I keep up the charade: “Yes, I’ll send you the form tomorrow… Uh-huh. No, it shouldn’t be a problem. Thanks.” I could do this all night, fill the hallway with safe, empty words, but the point isn’t escape. It’s waiting. It’s the anticipation, the not-knowing.
The first time I hear him, it’s a stutter in the conversation behind the kitchen door, then the deliberate hush of steps on the hardwood. I slow my breathing, try for nonchalance, but my hands won’t stop shaking, the old, adolescent thrill of getting away with something outrageous, something forbidden.
Jake’s shadow moves across the doorway, then his body follows, lean and lit from behind by the spill of dining room gold. He pauses, one hand on the frame, as if debating whether to continue, but then Sam’s laugh erupts from the far side of the house, and I see the moment of decision lock into place.
He turns back—leans in, plants a casual, practiced kiss on Sam’s cheek, says something I can’t hear—and then he’s coming down the hallway, the smile gone, face set with a tension I recognize instantly. The air changes. Even the flowers seem to hush, petals shivering in the draft of his arrival.
We stop, two feet apart, neither of us speaking. He’s close enough now that I can see the pulse at his throat, the flush still high on his cheeks, the blue of his eyes made sharp and strange by the dim hallway light.
He breaks the silence, voice barely above a whisper. “I saw you watching me.”
I lower the phone, thumb the screen off, let the lie dissolve in my hand. “I couldn’t help myself,” I say, and it’s truer than anything else I’ve said tonight.
He steps closer. The distance disappears. I don’t know who moves first—maybe we both do—but suddenly our chests are touching, breath shared in the thin air between our faces. His hand rises, fingers slipping under my shirt collar, tugging me forward, and the wall is suddenly at my back, cold and solid.
For a second I’m aware of everything: the faint echo of laughter from the dining room, the creak of the floorboards, the heady rush of my own heartbeat. I glance over his shoulder, toward the spill of light from the kitchen, the reality of Mom and Dad and Sam and everyone else just a dozen feet away. The risk is almost enough to make me pull back, but then Jake’s hands are on my chest, fingers splayed, and his mouth crashes into mine with a ferocity that burns out every doubt.

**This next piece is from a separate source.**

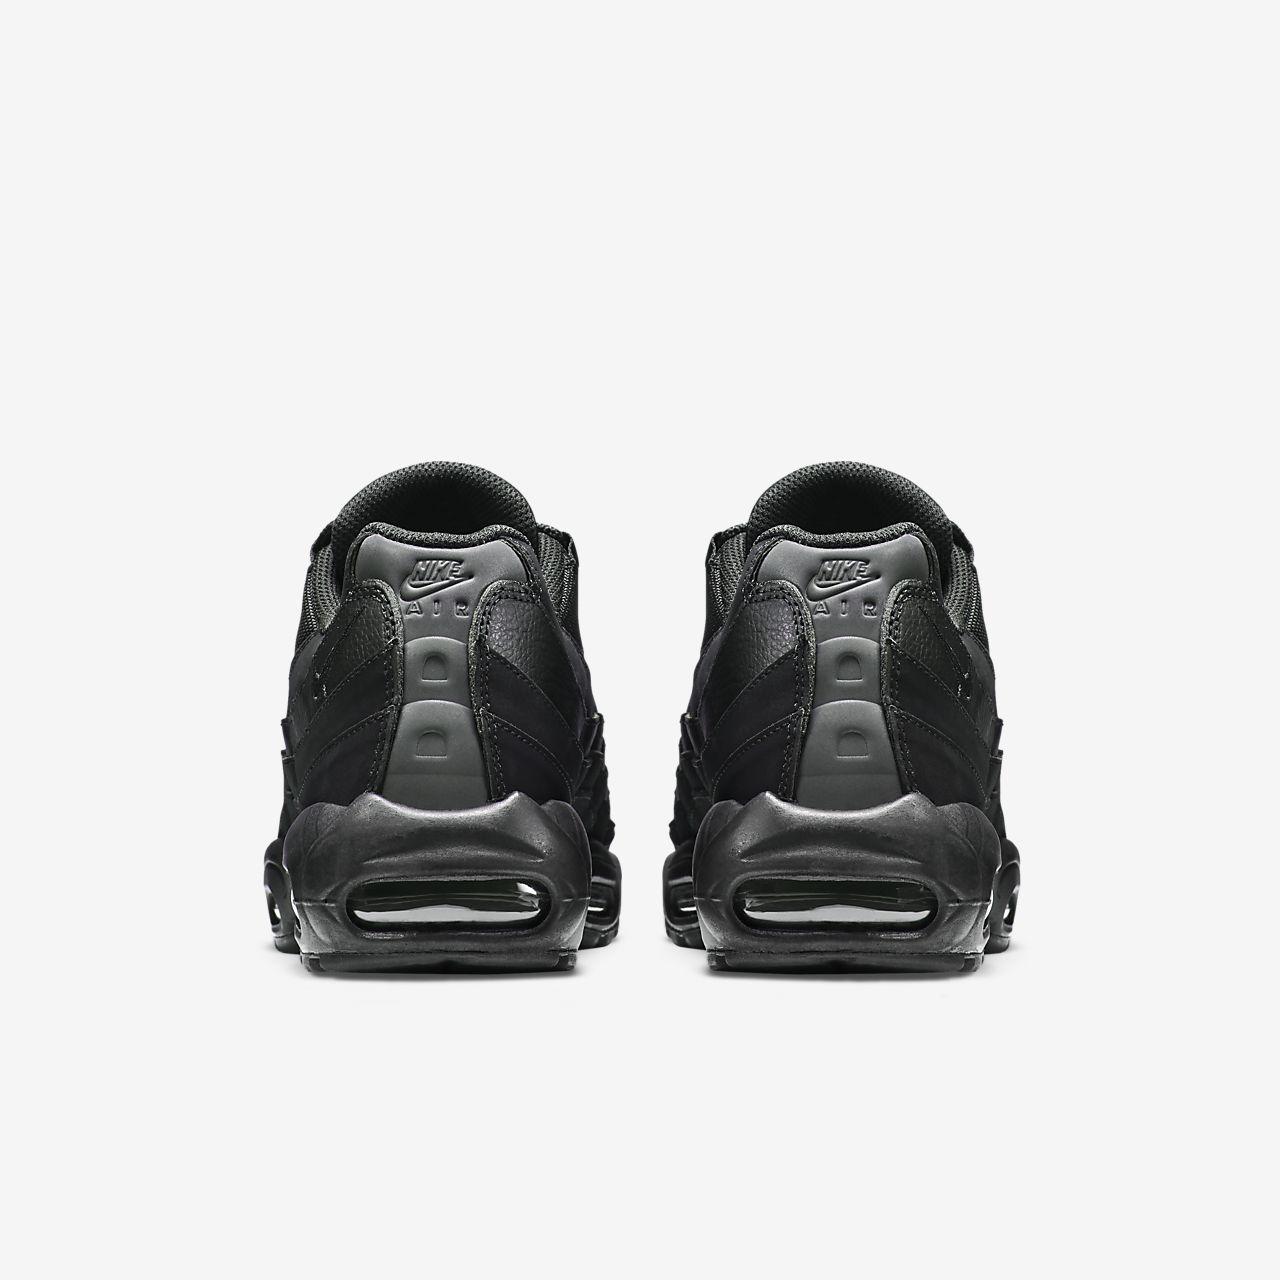 reputable site 203b3 7f2f8 ... Scarpa Nike Air Max 95 - Uomo

I respond—God, do I respond—my own hands gripping the hard muscle of his shoulders, pulling him closer, greedy for the heat and the taste and the raw want in every motion. His tongue is in my mouth, exploring, demanding, and I give it all to him, losing the careful choreography of the evening in the pure, blind need of now.
He breaks the kiss first, lips trailing down my jaw, hot breath fanning across my skin. “Not here,” he whispers against my throat. “Too close.”
He takes my hand and pulls me deeper into the house, past the bathroom, past the linen closet, into the shadowed corridor that leads to the guest room. It’s darker here, quieter, the sounds of the family muffled by distance and walls. Safer. Or at least safer enough.
The moment we’re out of sight, I spin him against the wall, reversing our positions, and drop to my knees. His eyes widen—surprise, then hunger—and I see his chest rise and fall with rapid breaths.
“Rob—” he starts, but I’m already working his belt open, fingers fumbling with the button and zipper of his slacks. He doesn’t stop me. Instead, his hands come to rest on my shoulders, steadying himself, giving permission.